Guest essay by Eric Worrall
Stephan Lewandowsky (of retracted Recursive Fury fame ) has just released a paper supporting the “precautionary principle” (h/t JoNova). According to Lewandowsky, the more uncertain you are about risk, the more you should spend to contain the risk.
Lewandowsky of course applies this principle to climate sensitivity – he suggests uncertainty increases the high end risk.
But now that Lewandosky has opened our eyes, let’s try applying his principle to other issues.
Witch burning. Just as there has never been a clear anthropogenic climate signal, so there has never been a clear demonstration of supernatural power. Yet can we be absolutely certain? Lewandowsky teaches us that the less you know about something, the more worried you should be. So for the sake of the children, we had better dust off those old witch finding books.

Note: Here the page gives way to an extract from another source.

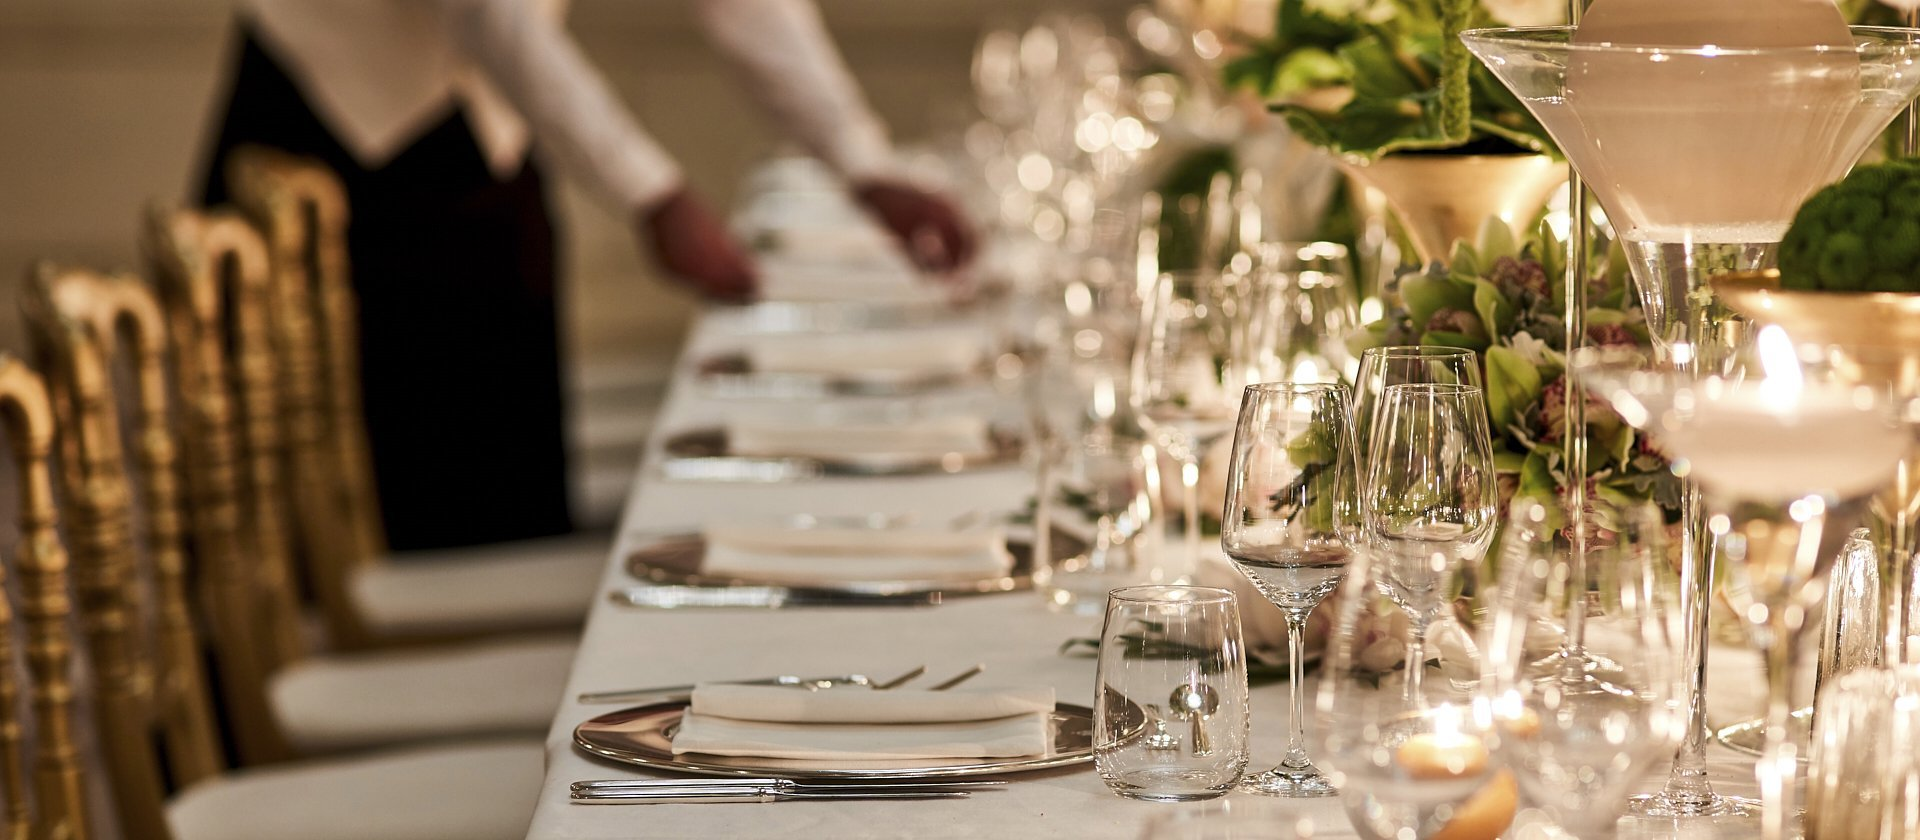 Hotel Principe di Savoia event spaces, Cristalli Gala dinner

Flying saucers. There has never been a verified case of human contact with aliens. But there have been plenty of anecdotal accounts of alien encounters, many of which sound rather unpleasant. Lewandowsky teaches us that uncertainty is risk – can we be absolutely certain Earth is not being observed by malevolent alien beings? Better step up efforts to keep us all safe from the unknown.
I’m sure readers can think of other examples – chemtrails, rains of frogs, strange wart like pimples… it’s a long list.
Thank you Lewandowsky, for opening our eyes to what is really important.